Deformable mirrors (DMs) are flexible mirrors etched with actuators to control its surface. There are different types of DMs based on mirror type such as segmented or continuous and based on the actuation technology either piezoactuators or MEMS (microelectromechanical systems)-based actuators [12, 13]. In this paper, calibration of Boston Multi-5.5 DM is discussed. It has a resolution of 0.5 nm and dynamic range of 5 \(\upmu \)m. The DM has a thin membrane mirror of area 5x5 mm, etched with 140 electrostatic actuators with pitch size of 450 \(\upmu \)m.

DM changes its shape in response to the position commands in order to compensate for the aberrations measured by wavefront sensor. Ideally, it will assume a surface shape that can compensate for aberration profile. The surface profile is controlled by actuators that move in and out, in response to the applied voltage. The accuracy of the wavefront correction is dependent on shaping of the DM. The range of wavefront that can be corrected by a particular DM is limited by the actuator stroke and resolution, the number and distribution of actuators and the model used to determine the appropriate control signals for the DM. First two are physical limitations of the DM itself, and last one is a limitation of the control software. The inadequate actuator stroke leads to poor performance and can prevent the effective correction. The number of actuators determines the degrees of freedom that the DM can correct.

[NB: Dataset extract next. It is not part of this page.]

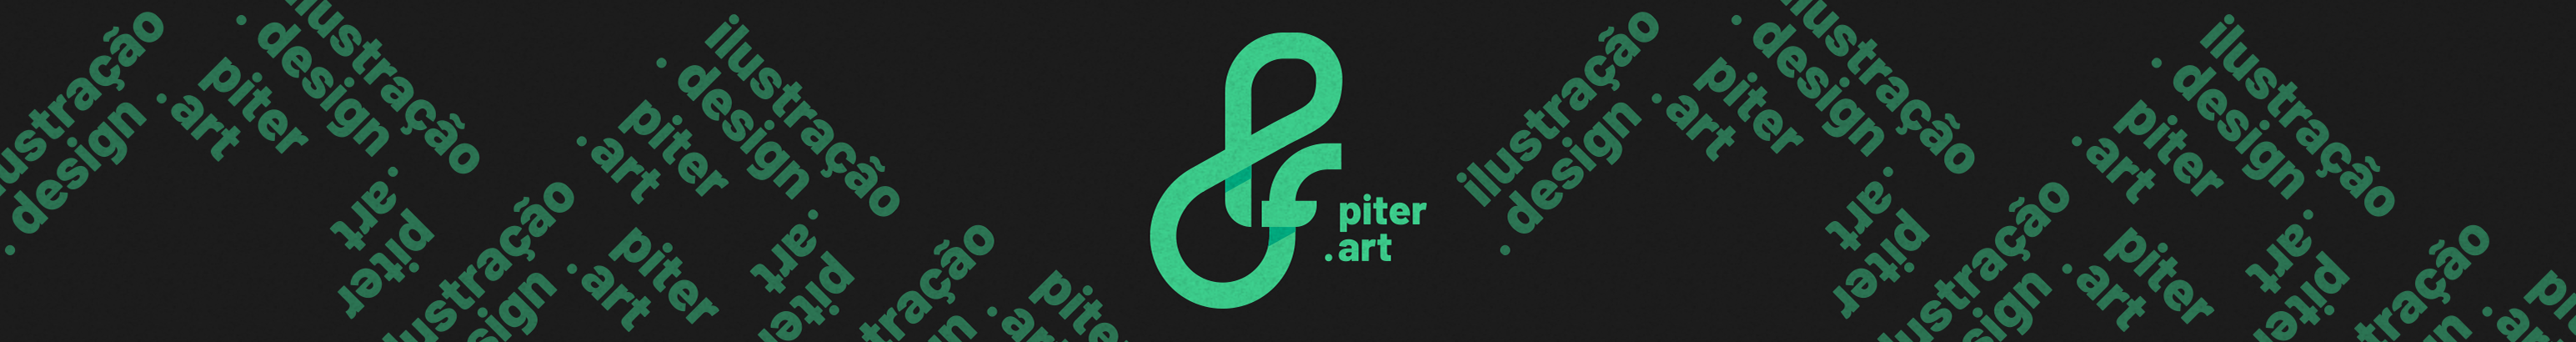 Piter Fontana's profile banner

The DM used for calibration has continuous membrane mirror. The actuators are mechanically coupled. Therefore, when an actuator moves, there is some finite response along the entire surface of the mirror. The 2D shape of the surface caused by displacing one actuator is called the influence function of that actuator. Typically, the coupling for continuous membrane DM will be in the range of 10-20%. It is desired to determine the actuators response to input voltage, inter-actuator coupling, relaxed shape error of the DM, RMS and PV wavefront error of DM surface at different voltages.

Experimental procedure

Experimental setup used to characterize the DM is shown in Fig. 5. DM is placed in front of the Fizeau interferometer from Zygo Corporation, and a neutral density (ND) filter is placed in between them. ND filter serves twin purposes here: One is protecting the DM from high intensity laser beam which may cause irretrievable damage to the DM, and other is to reduce the intensity of the reflected wavefront from DM for accurate measurements. Measured surface profiles of DM are shown in Figs. 6 and 7.

Fig. 5
figure 5

Experimental setup used for calibration of DM

Fig. 6
figure 6

Interferogram (a), wavefront map with power (b) and wavefront map without power (c) of DM surface in relaxed condition of the actuators

Fig. 7
figure 7

One-dimensional plots of the wavefront map along H (slice 1) and V (slice 2) axis of the DM surface with (top) and without (bottom) power

DM surface flatness is crucial for the wavefront correction. It is desirable to have a flat surface with RMS surface figure \(\lambda \)/20. In a relaxed stage or at an offset voltage, the DM needs to be tested for its surface flatness. It is tested for different input voltages ranging from 0 to 200 V. (Voltage applied to all the actuators is uniform.) Variation in RMS wavefront error of DM for input voltages from 0 to 200 V is in the order of 22 to 34 nm. The results are shown in Fig. 8.

Fig. 8
figure 8

DM surface map for input piston voltage of 100 V (a), PV and RMS wavefront error for different voltages (b)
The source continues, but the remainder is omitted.